Не стоит описывать, с каким трудом авт. нашел такси, как долго ждал поезда в Клеве, а потом почти три часа тащился в крайне некомфортабельном поезде, проходившем опять через те же Ксантен и Кевелар.
Маргарет, которую авт. навестил в тот же вечер и попросил уточнить все, что связано со смертью Бульхорста, поклялась «всеми святыми», что этот Бульхорст – белокурый и грустный парень без обеих ног – умер у нее на руках; перед смертью очень просил позвать священника. Но она, прежде чем сообщить о его кончине, помчалась в канцелярию, где уже никого не было, открыла заранее подобранным ключом шкаф, вынула солдатскую книжку умершего, сунула себе в сумочку и лишь после этого сообщила о смерти Альфреда. Да, Бульхорст рассказывал ей о своей невесте, красивой и тихой белокурой девушке, назвал и родную деревню – ту самую, которую авт. посетил ради выяснения истины и претерпел столько неудобств; однако весьма возможно, что в спешке – Бульхорст умер перед самой эвакуацией – не успели выполнить все «формальности», то есть похоронить-то его, конечно, похоронили, но забыли послать родным похоронку.

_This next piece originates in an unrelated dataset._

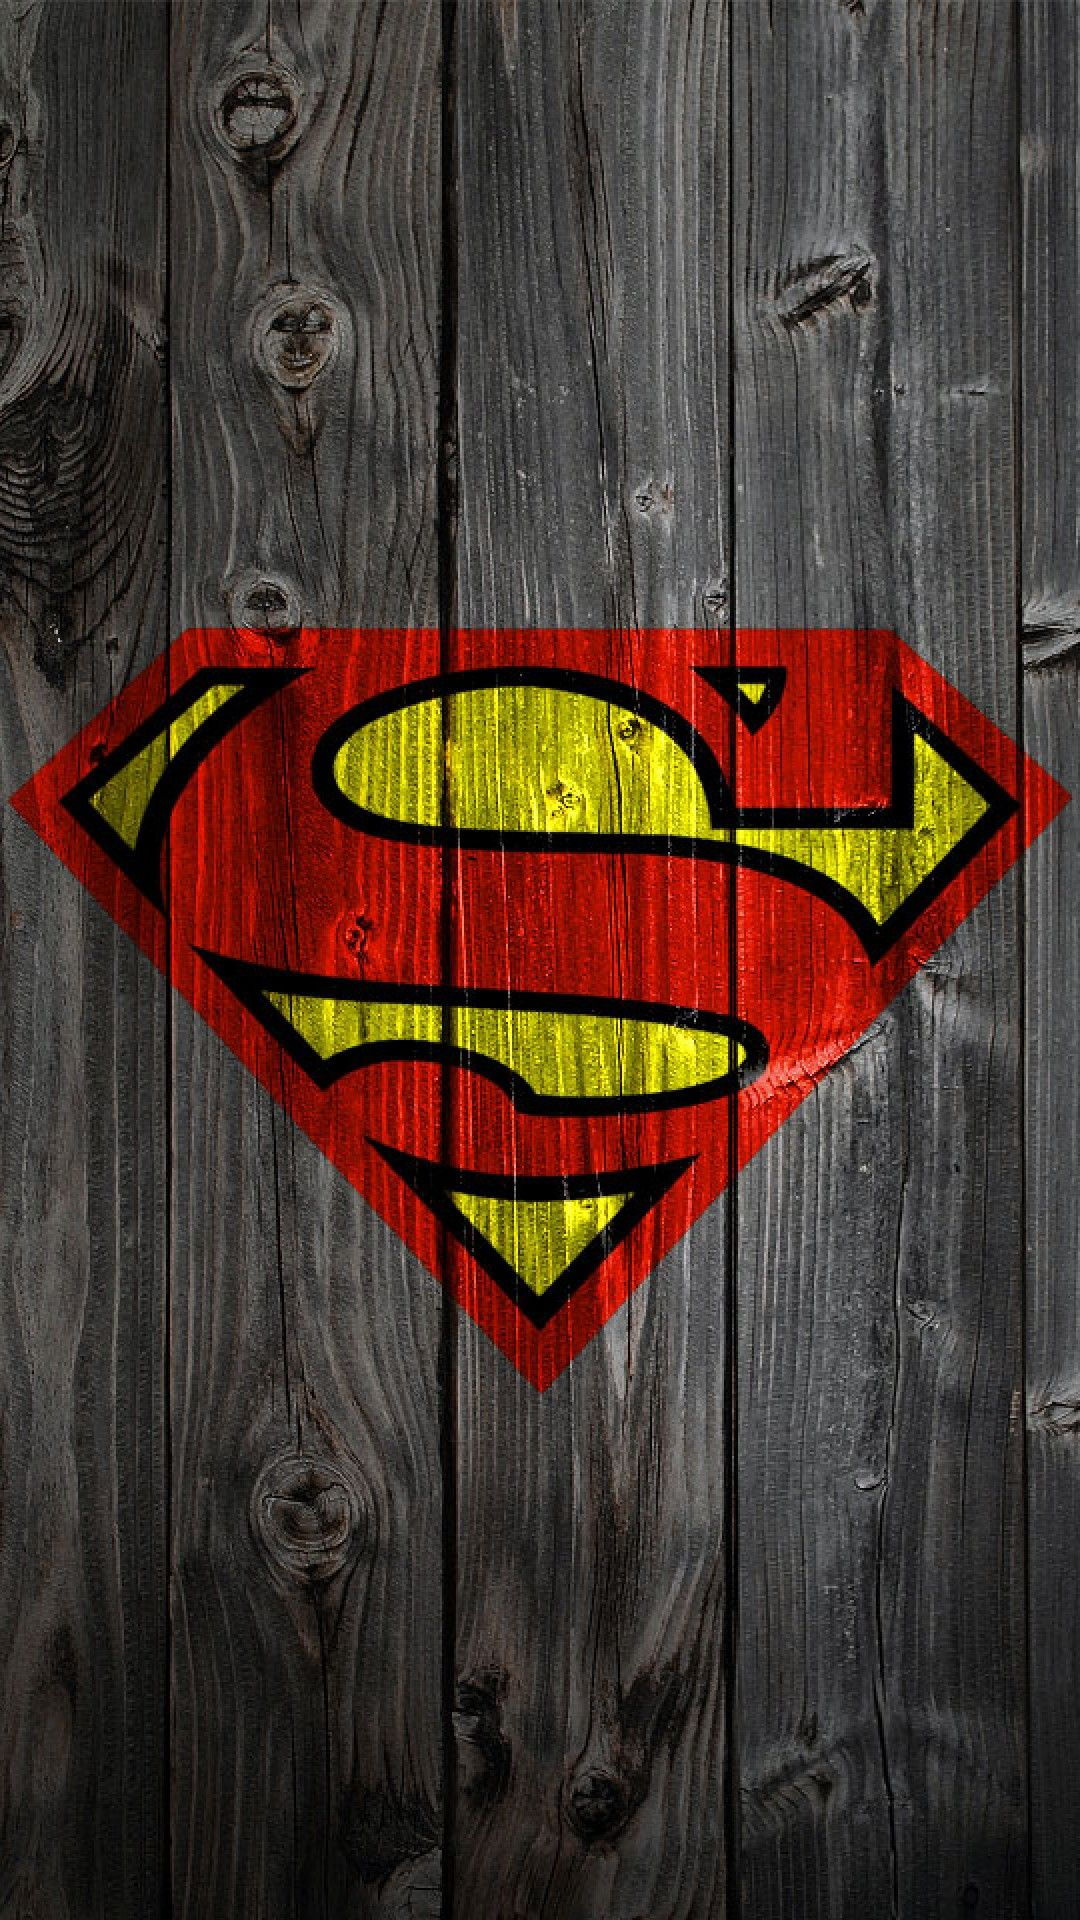 Wallpaper iphone superhero - Iphone Wallpaper Superman Logo On Wood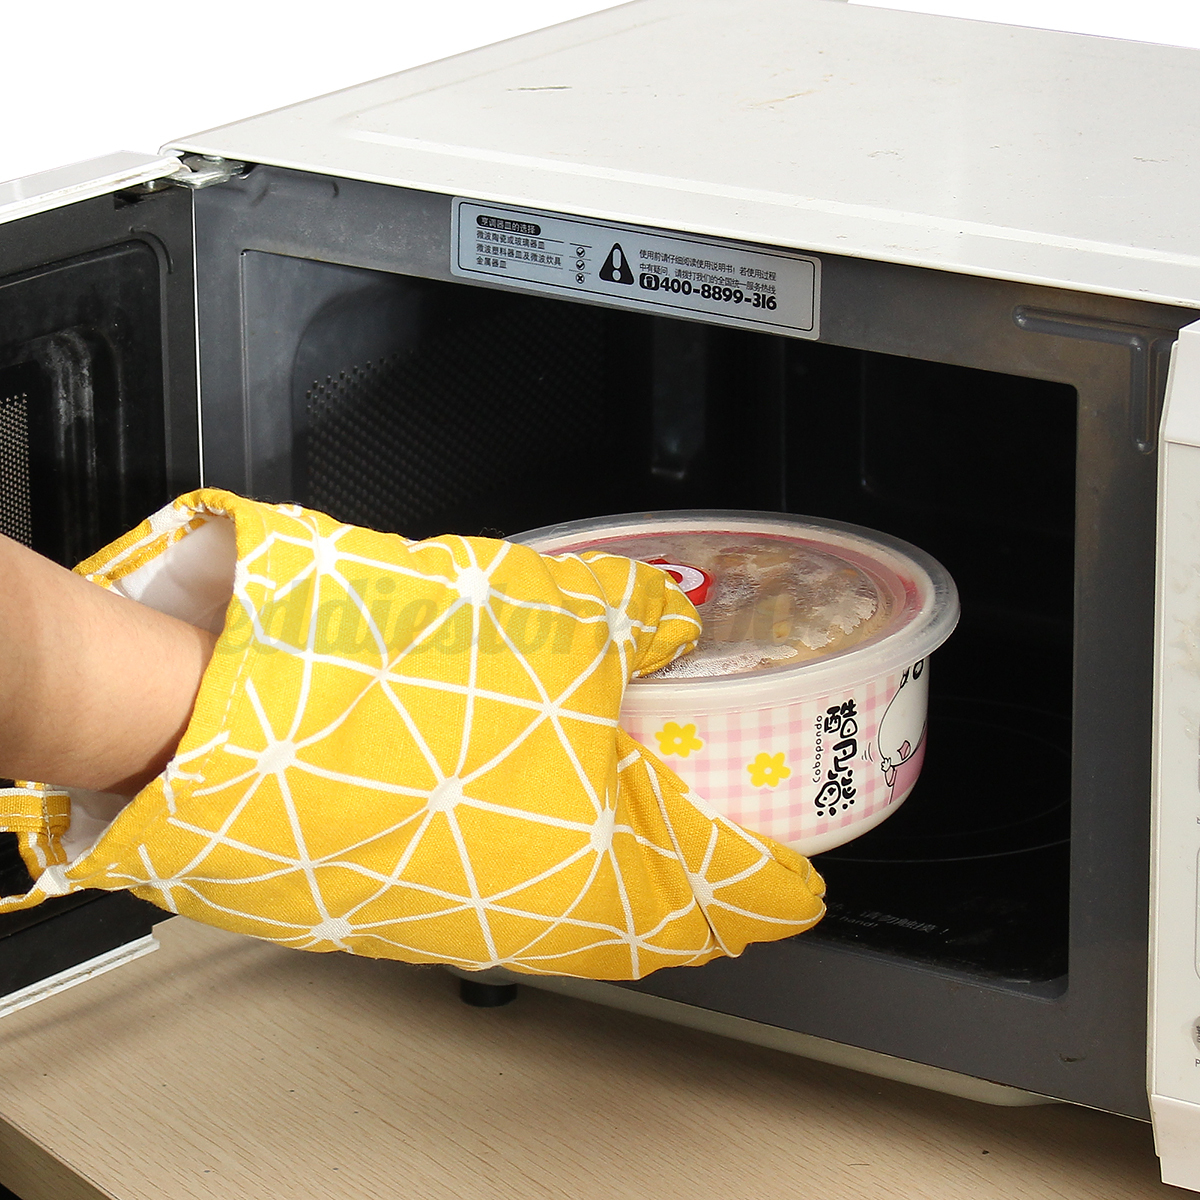 Kitchen Oven Mitts ~ Pair padded oven gloves kitchen baking cook mitt thick

Здесь сам собой напрашивается вопрос: неужели немецкая бюрократическая машина на сей раз действительно дала сбой? Можно поставить вопрос и по-другому: не следовало ли авт. заявиться к родителям Бульхорста и выложить им всю правду насчет останков, покоящихся в могиле, на которой по их поручению в День всех святых каждый год высаживают вереск или анютины глазки, и спросить, неужели они ни разу не заметили большого букета красных роз, который Лени и ее сын Лев, время от времени наведываясь на кладбище в Сент-Авольде, кладут на могилу? А вдруг старики показали бы ему ту красную, отпечатанную типографским способом открытку, заполненную Борисом, в которой он сообщал, что жив-здоров и находится в плену у американцев? Эти вопросы остаются открытыми. Отнюдь не все на свете можно выяснять. И авт. чистосердечно признается, что под испытующе-недоверчивым взглядом пономаря в нижнерейнской, почти уже нидерландской деревне недалеко от Ньимвегена он – подобно Эльзе Брабантской или Лоэнгрину – испытал нечто вроде нервного срыва.